The case was tried in the Central Criminal Court before Justice Robert Pring and a jury. The jury found Glynn, McPherson, Teen, Beattie, Fagin, Grant and Hamilton guilty of all three charges while Reeve, Larkin, Besant and Moore guilty of the arson and sedition conspiracies and King was guilty of the sedition conspiracy. Justice Pring handed down sentences of fifteen years to Hilton, Beatty, Fagin, Grant, Teen, Glynn and McPherson; ten years to Moore, Besant, Larkin and Reeve; and five years to King. Grant remarked after his sentence was passed: "Fifteen years for fifteen words". The actual words which were quoted in his trial were: "For every day that Tom Barker is in gaol it will cost the capitalist class £10,000." The twelve lodged appeals against their convictions, however these met with limited success - the Court of Criminal Appeal quashed the convictions of Glynn and McPherson for the Barker conspiracy and reduced their sentences to ten years - however the majority of the convictions and sentences were confirmed.

There was an active campaign for the release of the Sydney Twelve and other IWW members held in prison.

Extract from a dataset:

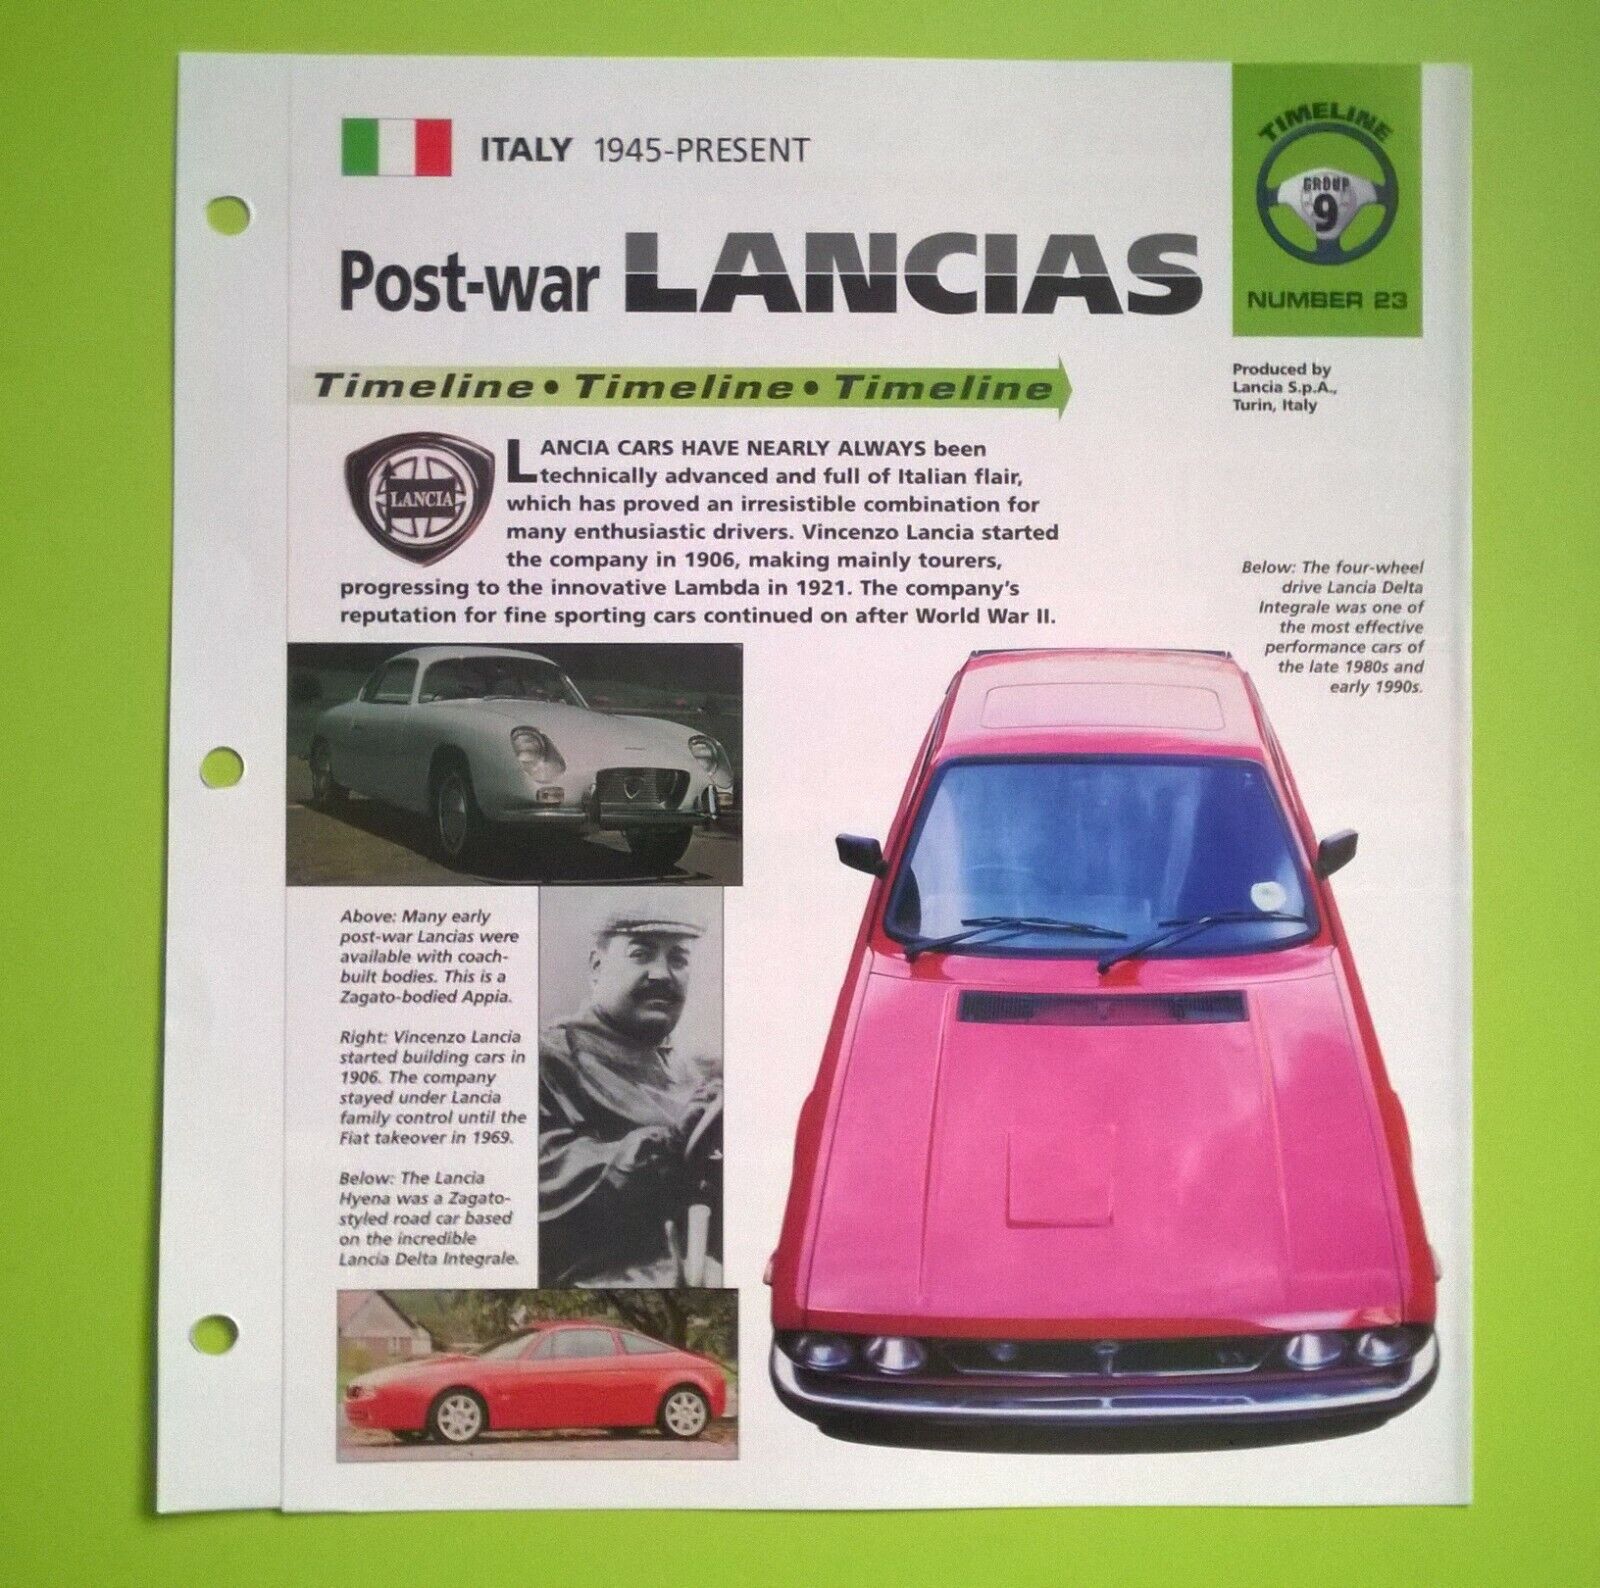 Imp Post war Lancia aprillia to Y timeline history information brochure hot car

The Defence and Release Committee was established at the behest of Henry Boote, Editor of the Australian Workers' Union weekly paper, The Worker, and of Ernie Judd, delegate from the Municipal Workers Union on Labor Council of New South Wales. Supporters included Percy Brookfield, the member for Sturt (Broken Hill) in the New South Wales Legislative Assembly, and the poet Lesbia Harford. Unions such as the Ship Painters and Dockers Union were active in the campaign.

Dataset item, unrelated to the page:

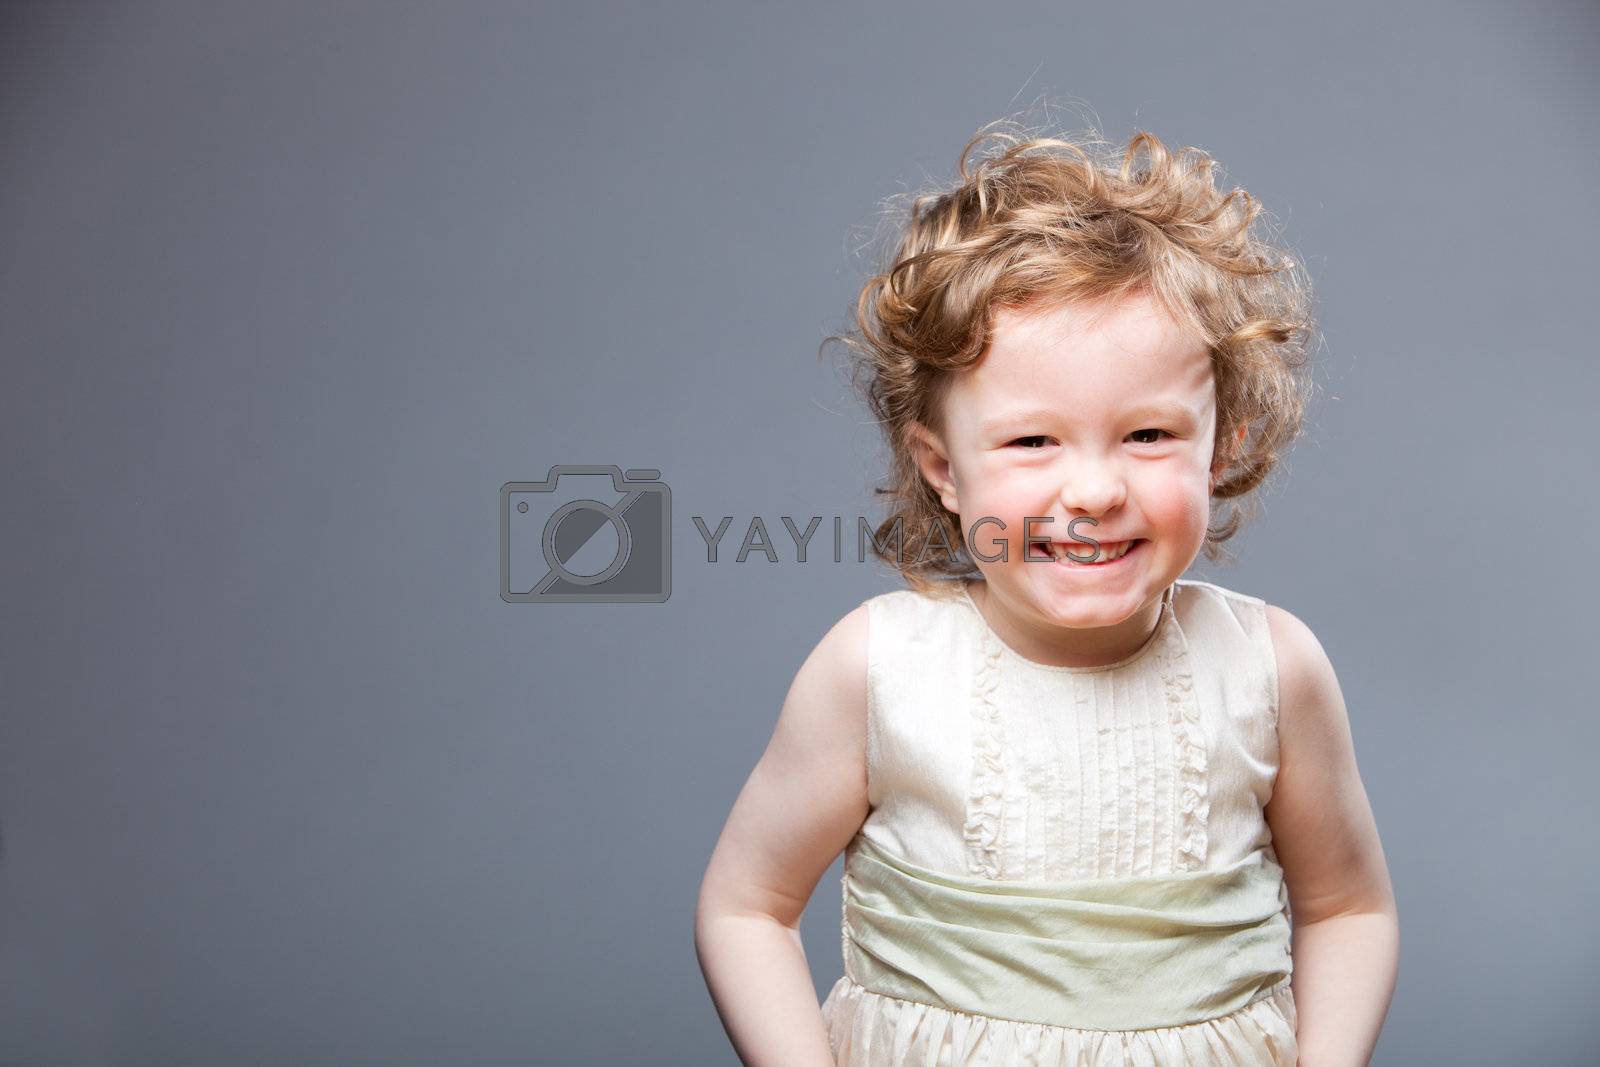 Royalty free image of Smiling Girl by shalamov

The Labor Council of New South Wales commissioned a report into the case in 1918, and an enquiry into the case was also conducted by Justice Philip Street. Both the trade union report and the judicial report found problems with the case, for example the chief witness, Scully, had concocted evidence which he gave at the trial.

After the Storey Labor Government was elected in New South Wales on 20 March 1920, Justice Norman Ewing was appointed to inquire into the trial and sentencing. The judge found that Grant, Beattie, Larkin and Glynn may have been involved in conspiracy of a seditious nature, but recommended that they be released. Six of the men, the judge found, were not "justly or rightly" convicted of sedition: Teen, Hamilton, McPherson, Moore, Besant and Fagin. King was considered rightly convicted of sedition, but recommended for immediate release. Reeve was found to have been rightly convicted of arson. However the judge also rejected any suggestion that the men had been framed. Ten of the men were released in August 1920, and King and Reeve slightly later.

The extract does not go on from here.